On 11/5/25 20:48, Lorenzo Stoakes wrote:
On Thu, Oct 30, 2025 at 07:47:34PM +0100, Vlastimil Babka wrote:
On 10/30/25 19:31, Vlastimil Babka wrote:
On 10/30/25 17:43, Lorenzo Stoakes wrote:
Could we use MADVISE_VMA_READ_LOCK mode (would be actually an improvement over the current MADVISE_MMAP_READ_LOCK), together with the atomic flag setting? I think the places that could race with us to cause RMW use vma write lock so that would be excluded. Fork AFAICS unfortunately doesn't (for the oldmm) and it probably would't make sense to start doing it. Maybe we could think of something to deal with this special case...
During discussion with Pedro off-list I realized fork takes mmap lock for write on the old mm, so if we kept taking mmap sem for read, then vma lock for read in addition (which should be cheap enough, also we'd only need it in case VM_MAYBE_GUARD is not yet set), and set the flag atomicaly, perhaps that would cover all non-bening races?

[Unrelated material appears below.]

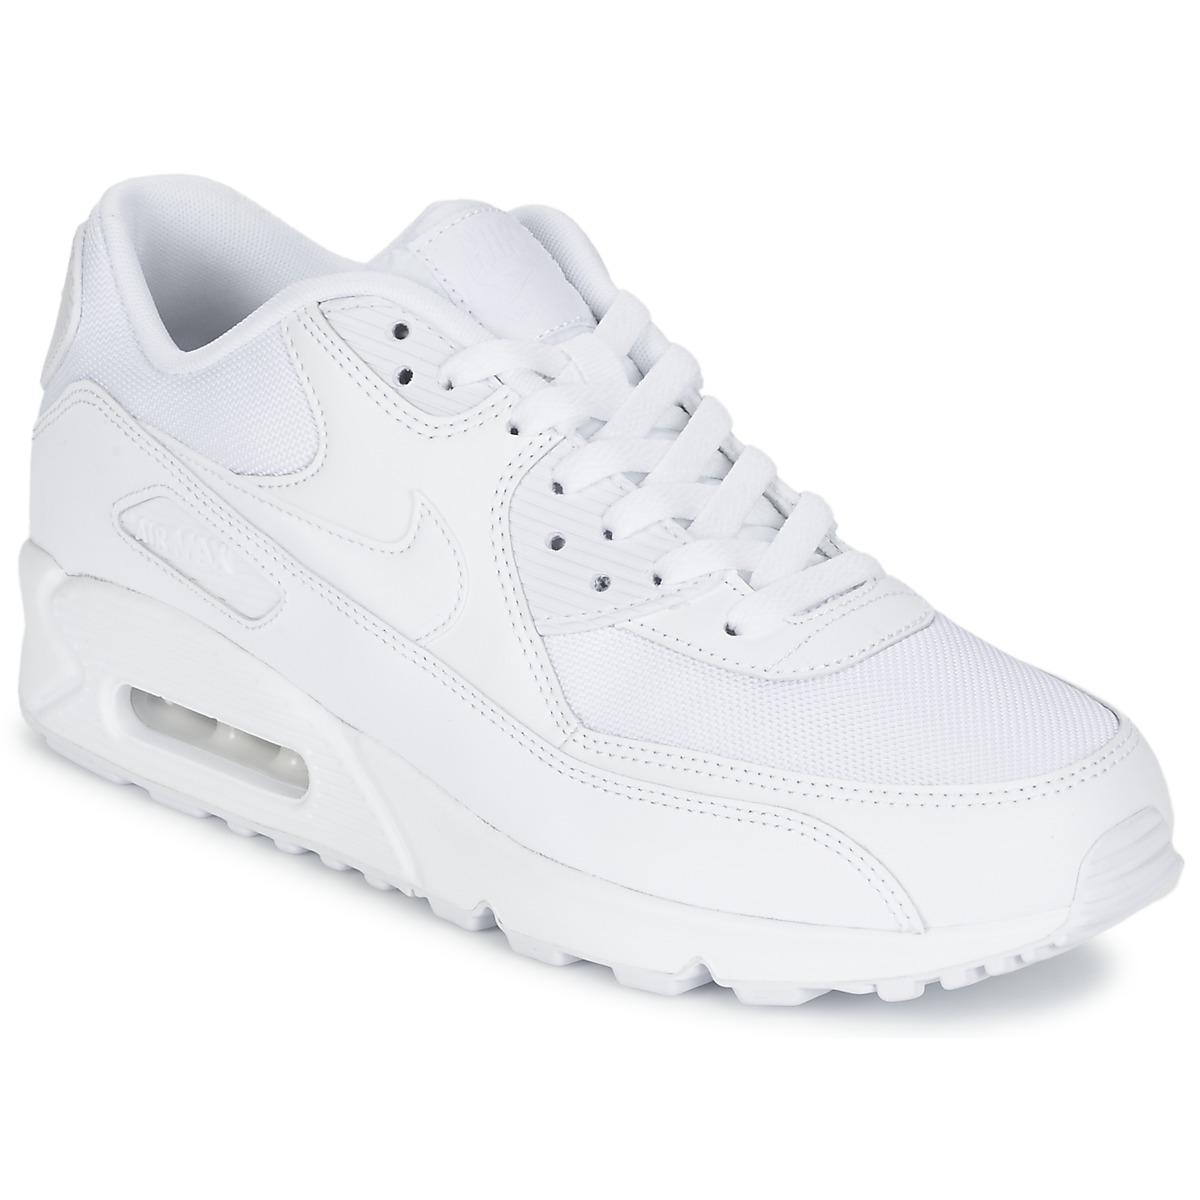 Nike AIR MAX 90 ESSENTIAL Weiss - Kostenloser Versand bei Spartoode ! - Schuhe Sneaker Low Herren 111,20 €

So thinking about this again, taking mmap read lock will exclude any VMA write locks (which must hold mmap write lock), so no need to additionally take VMA read lock.
Right. Of course it would be nice if we could later also replace the mmap read lock with vma read lock. Hopefully should be feasible because MADV_DONTNEED can do it and guard ranges perform similar kind of operations (with more complex page table handling necessary, IIRC but that should hopefully be still fine with vma read lock).
It's obviously not in scope of the series here, maybe just to keep in mind if that next step will be compatible with anything done here.
Also as mentioned later in thread, the invocation of vma_needs_copy() is performed under VMA write lock (and this mmap write lock) so no need to read atomically there either.
As per Pedro, we can treat other races as benign.
Merge/Split etc. are done under VMA write lock so there's no race that matters there.
The only other place we even care about this flag in is for /proc/$pid/smaps, but there it'd be benign as you'd happen not to observe the flag being set up at the point at which a concurrent guard region install is happening - something that you could race with _anyway_.
Right.
As Pedro says, remaining cases where you read flags would be benign, as the readers should never observe a meaningful torn read being a bitmap and given this flag only matters on fork and smaps.
So I think just having something that sets atomically with an allow list is fine, but making that very strict so literally just this flag is allowed (currently).
Ack.